In real-world voice-agent calls, audio usually does not arrive as one fixed 10-second block. Parrot can segment longer audio into shorter chunks, which helps return responses faster and keeps turn-taking more natural.
Our AI has a voice mode. We use ChatGPT (before that, we used speech-to-text recognition and then text-to-speech). How is your service better? Is it only better Hindi recognition, or is there something else?
Thanks @natalia_iankovych , fair question.
Hindi recognition is definitely a big focus but not the only one. Parrot is also optimized for low-latency transcription, code-mixed conversations, cleaner normalized output, and real-world call audio where transcripts are expected to trigger the next action.
Happy to set up a demo as well to understand your use case better and explore how Parrot can help solve it.
Congratulation on the launch! Btw, when I mix English with Hindi, I observed its little biased towards transcribing English in Hindi (using Devnagri glyph).
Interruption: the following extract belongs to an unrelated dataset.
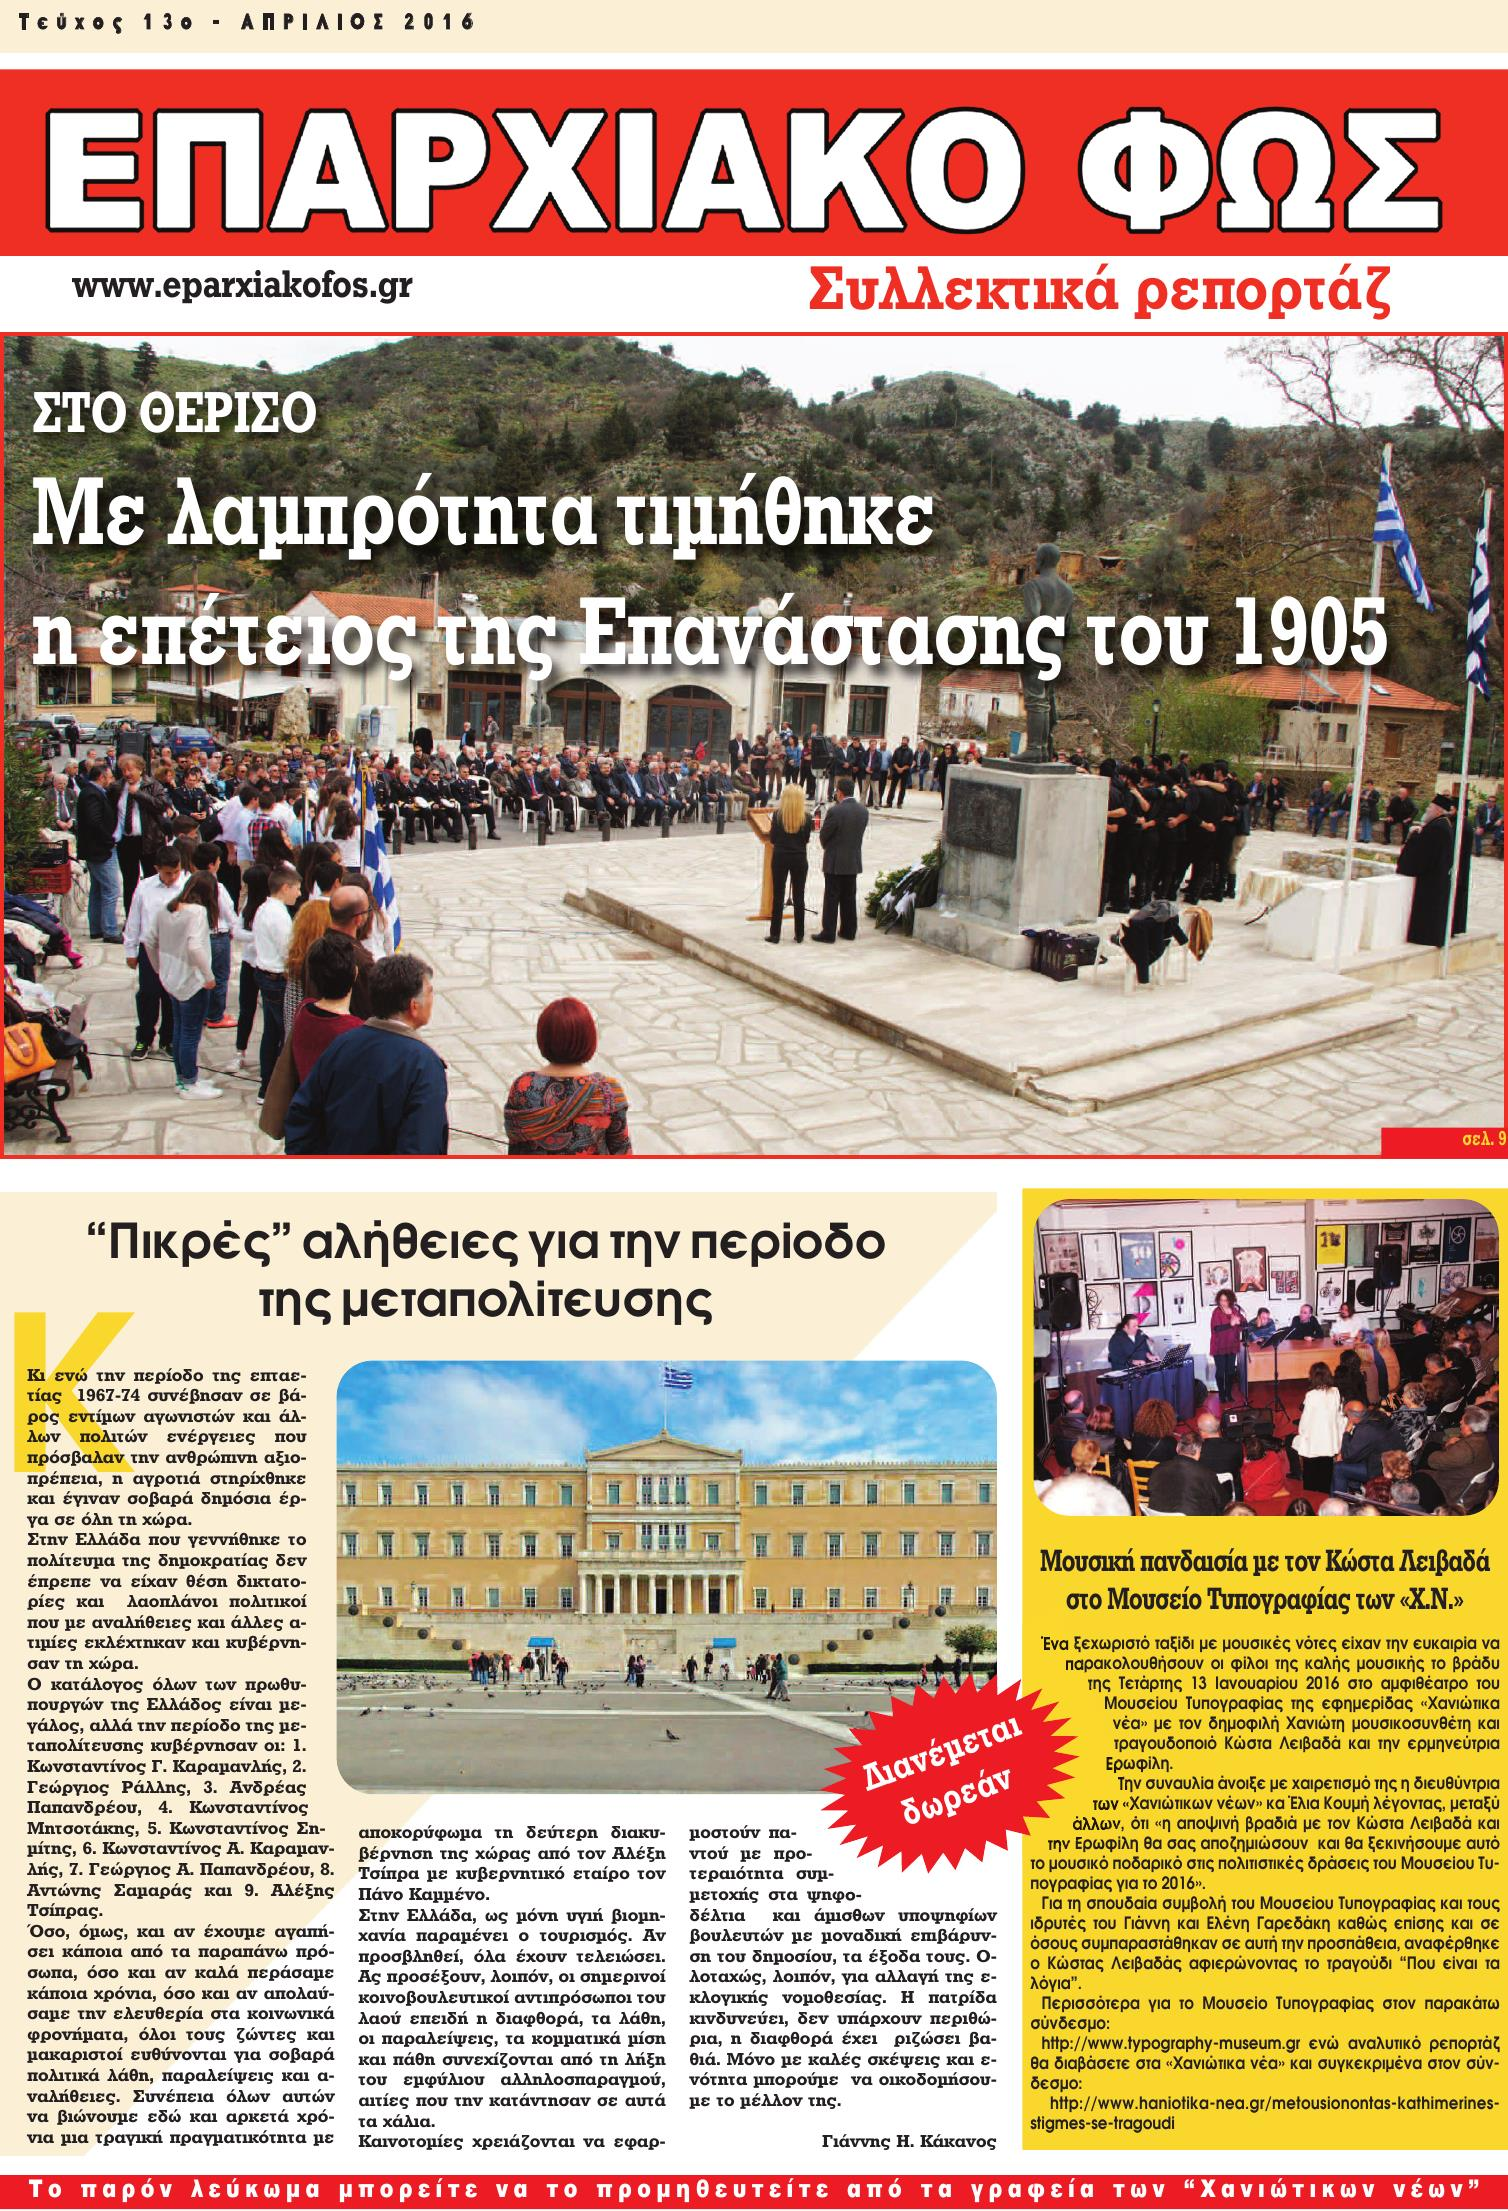 13 KAKANOS (Page 01)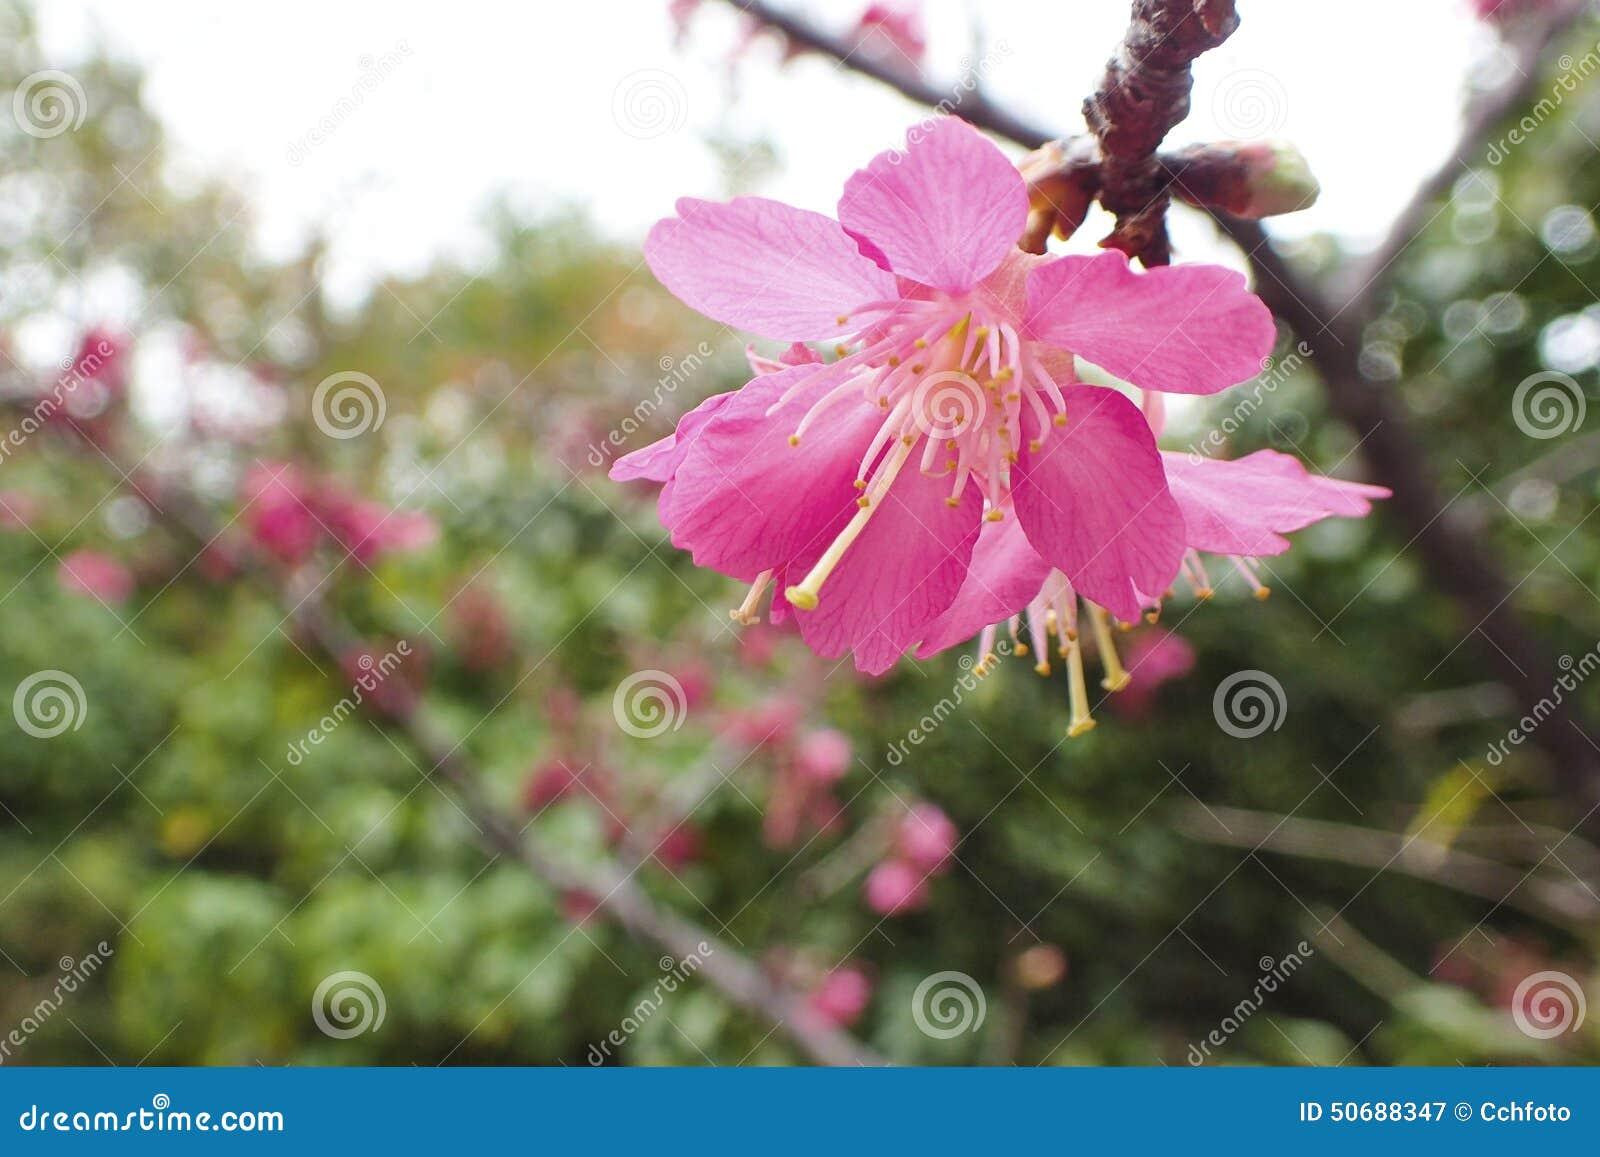 Download 樱花花 库存图片. 图片 包括有 绿色, 红色, 樱桃, 植物群, 日语, 春天, 开花, 日本, 季节 - 50688347

Latency is impressive
Thanks @ashishkingdom ! That’s a fair observation.
For code-mixed conversations where the dominant language is Hindi, this can happen but when English is the dominant language, it should work as expected.
This is one of the expected behaviours.
Private Resume Builder
Haha, how can something be this useful and this scary simultaneously!? As someone with a name most humans can't spell right, I look forward to the day when this is no longer an issue.
Exactly! Names are where STT gets very real very fast.
A big part of Parrot’s focus is making these real-world details more reliable, especially in Indian conversations.